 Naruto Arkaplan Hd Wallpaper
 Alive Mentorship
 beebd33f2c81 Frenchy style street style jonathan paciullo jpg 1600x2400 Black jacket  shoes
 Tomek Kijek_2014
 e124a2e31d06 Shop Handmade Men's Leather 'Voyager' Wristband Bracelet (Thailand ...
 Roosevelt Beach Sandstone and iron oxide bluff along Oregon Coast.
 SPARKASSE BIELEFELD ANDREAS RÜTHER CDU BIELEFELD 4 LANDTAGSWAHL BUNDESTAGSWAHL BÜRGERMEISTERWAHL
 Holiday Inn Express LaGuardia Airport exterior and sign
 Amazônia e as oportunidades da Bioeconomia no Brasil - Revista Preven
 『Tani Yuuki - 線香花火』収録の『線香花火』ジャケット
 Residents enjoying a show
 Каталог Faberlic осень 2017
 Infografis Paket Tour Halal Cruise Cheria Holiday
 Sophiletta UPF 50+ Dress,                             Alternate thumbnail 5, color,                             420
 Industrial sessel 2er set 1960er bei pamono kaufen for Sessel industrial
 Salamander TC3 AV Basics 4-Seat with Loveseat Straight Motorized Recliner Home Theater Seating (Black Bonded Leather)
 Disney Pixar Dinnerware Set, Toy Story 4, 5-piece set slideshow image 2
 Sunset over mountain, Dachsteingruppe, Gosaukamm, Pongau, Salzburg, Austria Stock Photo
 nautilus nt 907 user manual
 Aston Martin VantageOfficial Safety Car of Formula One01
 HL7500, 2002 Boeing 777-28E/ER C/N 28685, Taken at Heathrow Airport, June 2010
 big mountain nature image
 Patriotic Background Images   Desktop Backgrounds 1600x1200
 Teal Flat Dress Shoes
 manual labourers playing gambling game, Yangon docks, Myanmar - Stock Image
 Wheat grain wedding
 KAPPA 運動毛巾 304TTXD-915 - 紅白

## [WORK INSTRUCTIONS]
Copy out exactly the lines from the one containing "Sophiletta UPF 50+" through the last line above, keeping both end lines.

## [FINISHED TASK]
 Sophiletta UPF 50+ Dress,                             Alternate thumbnail 5, color,                             420
 Industrial sessel 2er set 1960er bei pamono kaufen for Sessel industrial
 Salamander TC3 AV Basics 4-Seat with Loveseat Straight Motorized Recliner Home Theater Seating (Black Bonded Leather)
 Disney Pixar Dinnerware Set, Toy Story 4, 5-piece set slideshow image 2
 Sunset over mountain, Dachsteingruppe, Gosaukamm, Pongau, Salzburg, Austria Stock Photo
 nautilus nt 907 user manual
 Aston Martin VantageOfficial Safety Car of Formula One01
 HL7500, 2002 Boeing 777-28E/ER C/N 28685, Taken at Heathrow Airport, June 2010
 big mountain nature image
 Patriotic Background Images   Desktop Backgrounds 1600x1200
 Teal Flat Dress Shoes
 manual labourers playing gambling game, Yangon docks, Myanmar - Stock Image
 Wheat grain wedding
 KAPPA 運動毛巾 304TTXD-915 - 紅白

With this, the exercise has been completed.